THE
4 MASTER
SUITES
Four titles, four worlds. With Earth, Dream, Prey, and Sin, I composed spaces where literature turns into atmosphere, and words become walls.
CONCEPT
The guiding idea was to let each suite embody one of Zola’s themes with its own materiality, palette, and rhythm. Walls and interiors were composed like chapters: distinct yet part of a greater story. Collaboration with artists and designers brought further layers, ensuring each room became a complete experience, not just a decorative gesture.




CRAFTING FOUNDATION
Across all four suites, strong bases anchor the work: mineral surfaces, natural pigments, fabrics, metals, and wood. Each element was selected for its ability to age, to carry patina, and to hold memory — so that the foundation itself is already alive with character.
ROOM 208 — THE EARTH
"LA TERRA"
A vertical play of up to 50 color tones, layered like strata, interrupted by end-grain timbers set into the wall. Earth as depth, earth as structure.




ROOM 104 — THE DREAM
"LE RÈVE"
Created with artist Anna Menecia Antenete Hambira (@amaaena), layered fabrics in patchwork blues cascade across walls, dissolving into painted surfaces — a dream stitched into color.




ROOM 104 — THE PREY
"LA CURÈE"
Brass plates and hand-cut and also handpicked wooden logs from an old sawmill set the stage.

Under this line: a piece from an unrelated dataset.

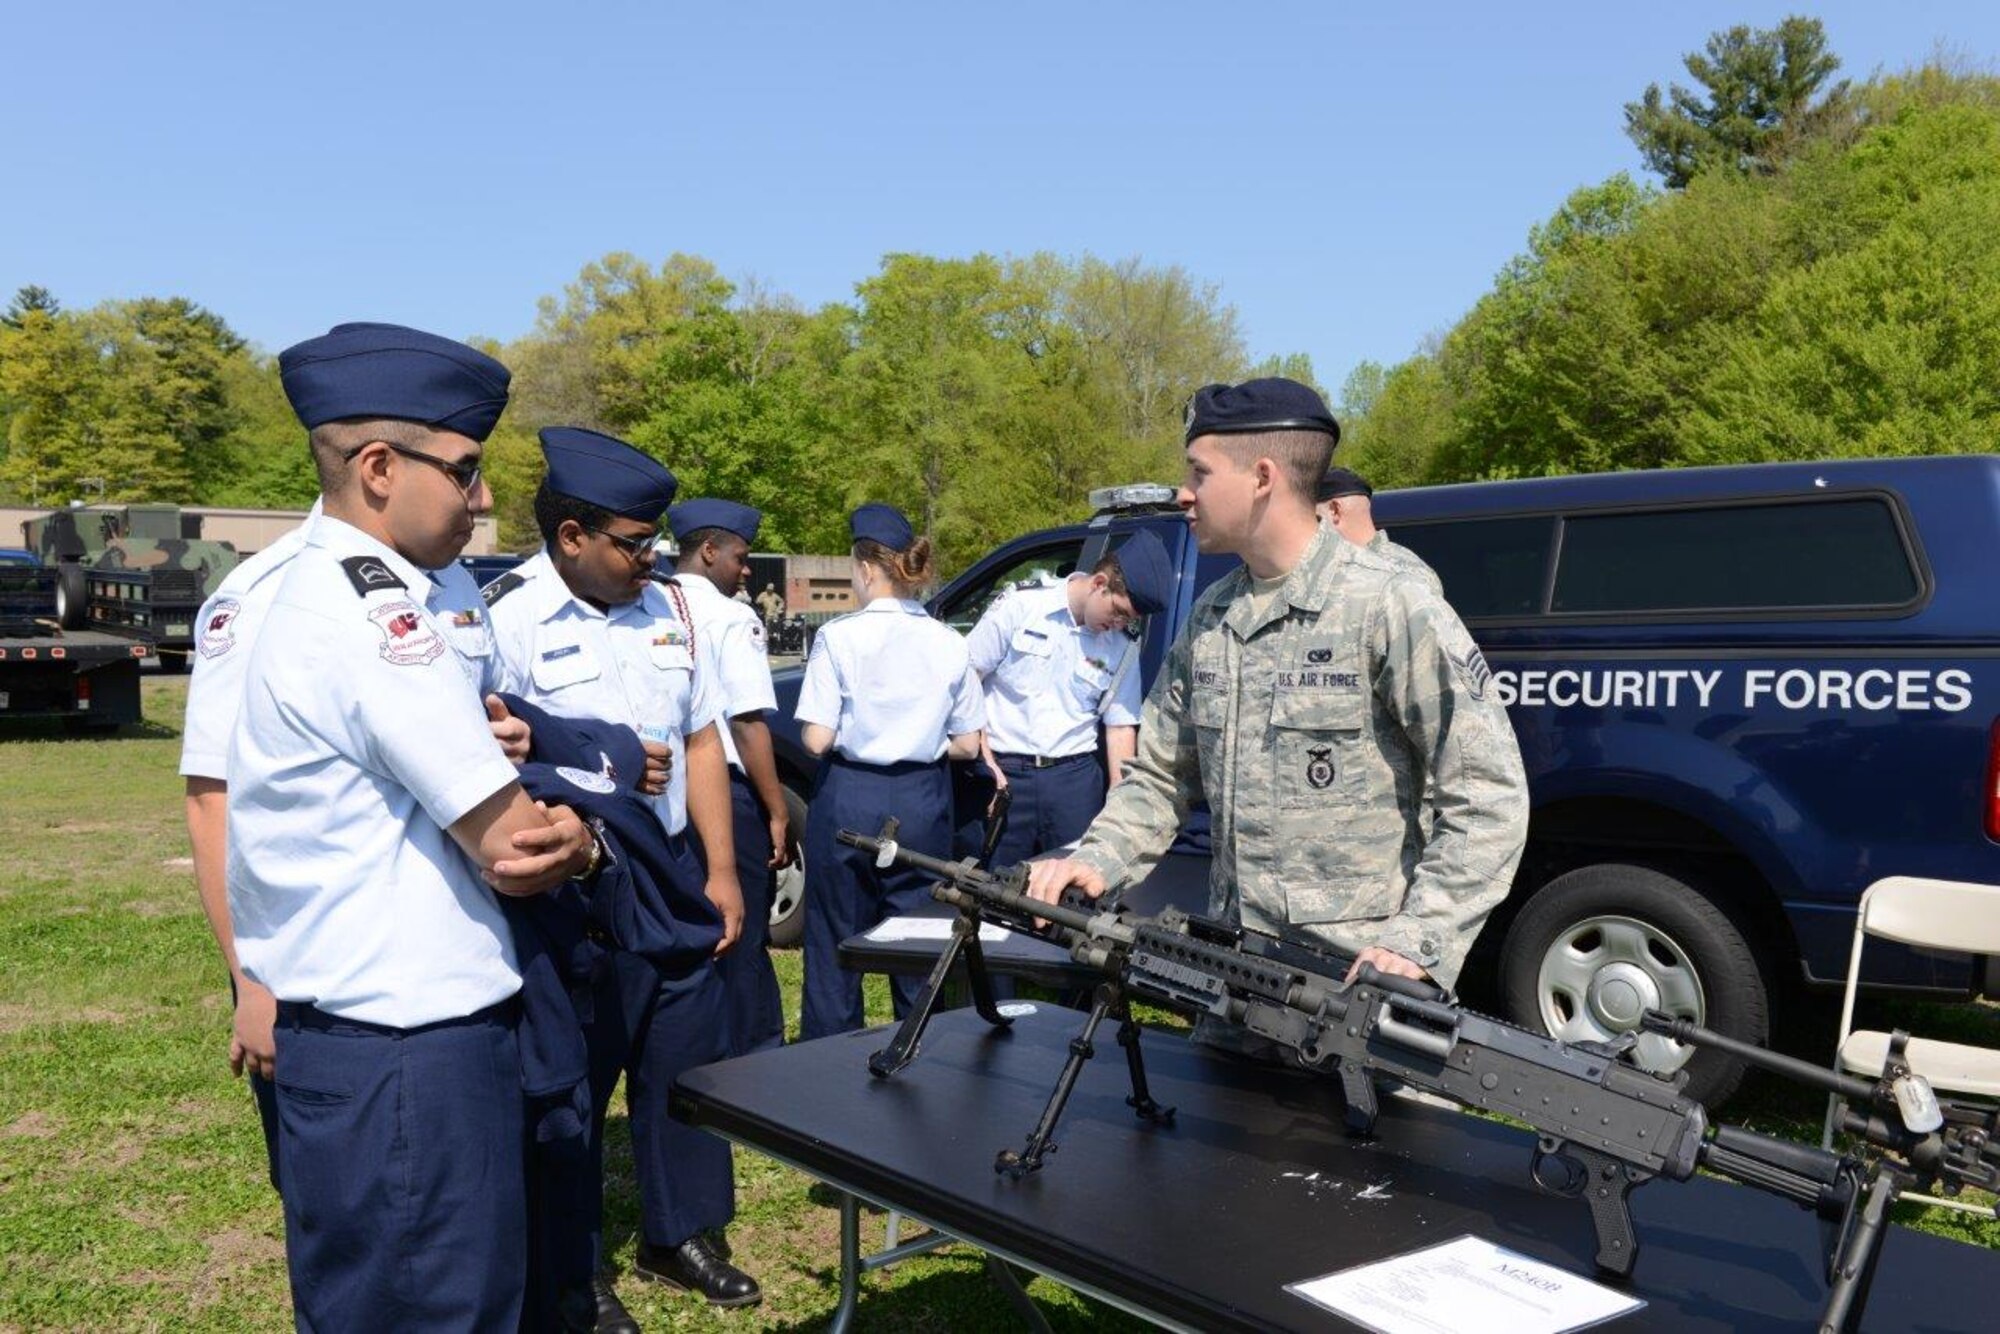 Staff Sgt. Andrew Faust, security forces specialist, explains safe use and handling of military-issued weapons to visiting Jr. R.O.T.C. students May 12, 2016, during a Career Day event hosted at Bradley Air National Guard Base, East Granby, Conn. The interaction with troops from the 103rd Security Forces Squadron was a highlight for students participating in Career Day events. (U.S. Air Force photo by Master Sgt. Erin McNamara)

Fire blackened the wood, bringing destruction as design. Metal and charred timber in raw tension.




ROOM 209 — THE SIN
"LA FAUTE"
A dark composition of jute, hemp, and cotton dyed with natural pigments, pressed into wall layers (Professor Robert Wiesner contributed to the process) Gypsum plaster finished the surfaces, partially scraped back, revealing both concealment and exposure.




DECAY
Each suite carries a sense of erosion, layering, and transformation. Colors fade into one another, fabrics fuse with plaster, wood yields to fire, and surfaces carry scars like memories. Together, the suites do not simply host guests — they immerse them in narratives of nature, desire, and time.
"These suites do not just host — they immerse guests in narratives of nature, desire, and time."